The emergence of new materials can push scientific development and even lead to a new industrial revolution. The discovery of graphene has attracted more and more attention from society due to their excellent optics and electricity properties. Graphene has been widely used in optoelectronic devices, such as an optical modulator, polarizer, photoelectric detector, and ultrafast laser. In addition, there is a remarkable transition towards other nanomaterials in recent years. Apart from topological insulators (TIs), transition metal dichalcogenides (TMDs), and monoelemental two-dimensional (2D) materials, composites and heterogenous layered materials are also worthy of mention.

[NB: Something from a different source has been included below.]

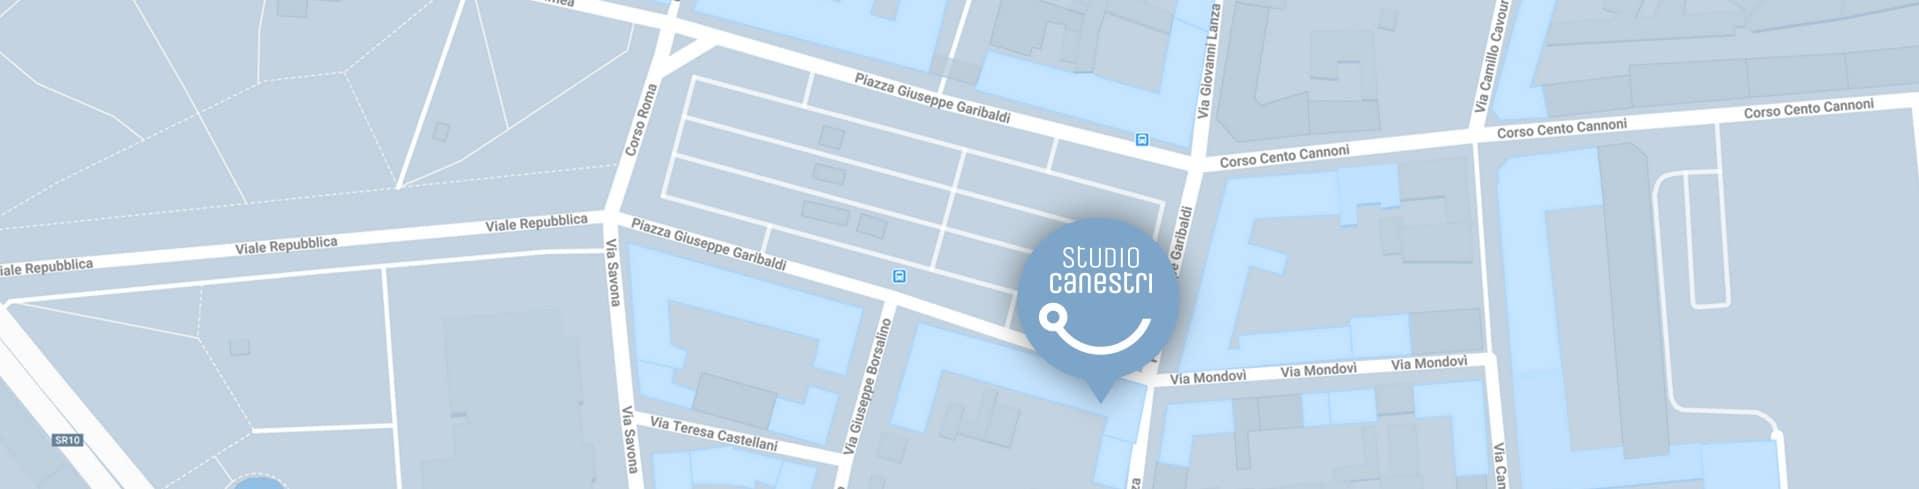 Mappa Studio Canestri
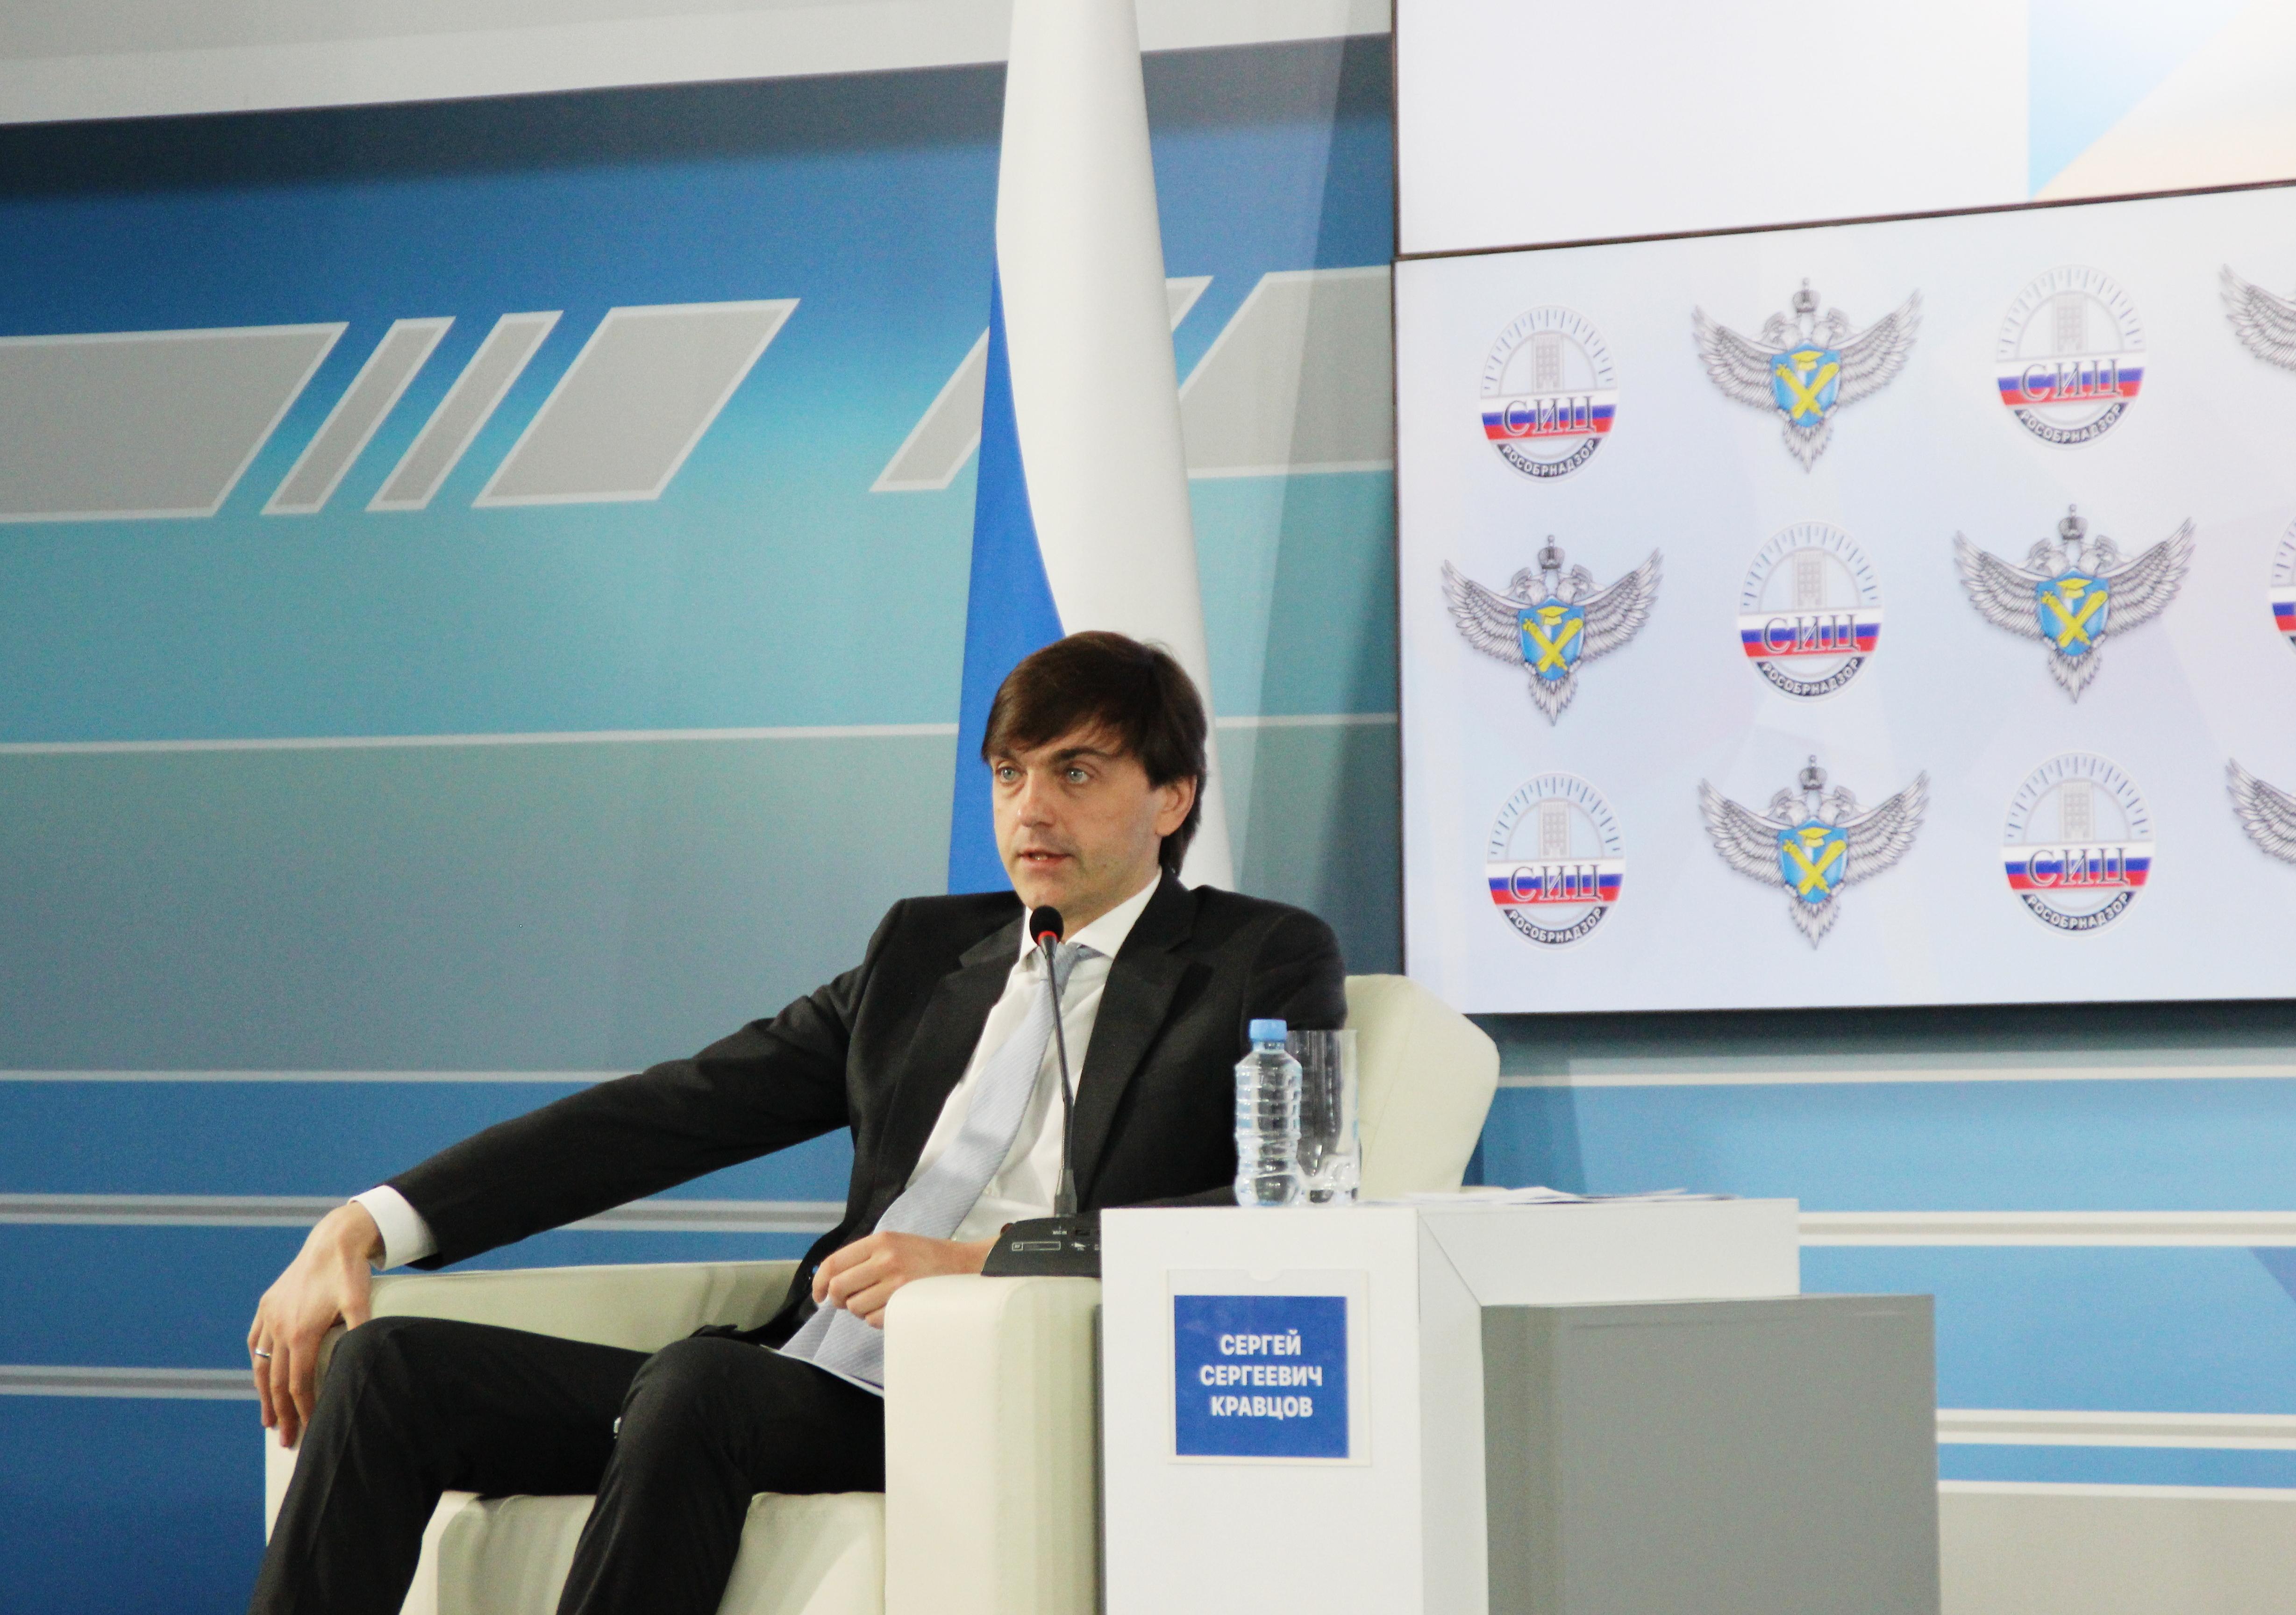 Глава Рособрнадзора ответил на вопросы выпускников и их родителей перед началом ЕГЭ-2019

This special issue of Chinese Optics Letters entitled “Extraordinary 2D-materials-based nanophotonics” includes the exploration of the nanophotonics of 2D materials and showcases recent works in photonics based on 2D materials, i.e., plasmons, lasers, and photodetectors.

The Goos–Hänchen (GH) shift is a classical optical phenomenon that occurs when the light beam is reflected at the interface. Graphene shows advantages in realizing an enhanced and tunable GH shift due to its dynamic control of electrical conductivity and zero band gap. Jiang et al. achieve a giant GH shift of light beams reflected at terahertz frequencies by using a composite structure, where monolayer graphene is coated on a one-dimensional photonic crystal. The composite structure is a good candidate for a dynamic tunable optical shift device in the terahertz regime. In addition, Dai et al. demonstrate the physical mechanism of the optical Tamm state (OTS) at the interface between graphene and a dielectric Bragg mirror in the terahertz frequency range, which can precisely generate and control OTS at a desired angle and frequency.

By taking advantage of plasmonic near field enhancement to largely increase the interaction of molecules and the infrared light, surface enhanced infrared spectroscopy provides a sensitive method to identify nanoscale proteins as well as protein adsorption processes. Excition-polaritons are an exceptional platform for photoelectronic and quantum information applications. Zhang et al. investigate the influence of the optical Stark effect on excition-polaritons in a microcavity embodied with a monolayer WS2. The proposed model proves that an outside polarized optical Stark pulse can control the strongly coupled excition-polariton dispersion and fraction ratios, both in time dependent and time independent analysis.

Transient reflectivity measurements can be employed to investigate the photoexcited carrier dynamics of 2D materials. Jiang et al. measure the optics properties of the Bi2Se3 thin film with various substrates via a 400 nm pump–white-light probe setup. They verify the existence of a second Dirac surface state in Bi2Se3. Experimental results show a rise of the transient reflection signal at the time scale of several picoseconds.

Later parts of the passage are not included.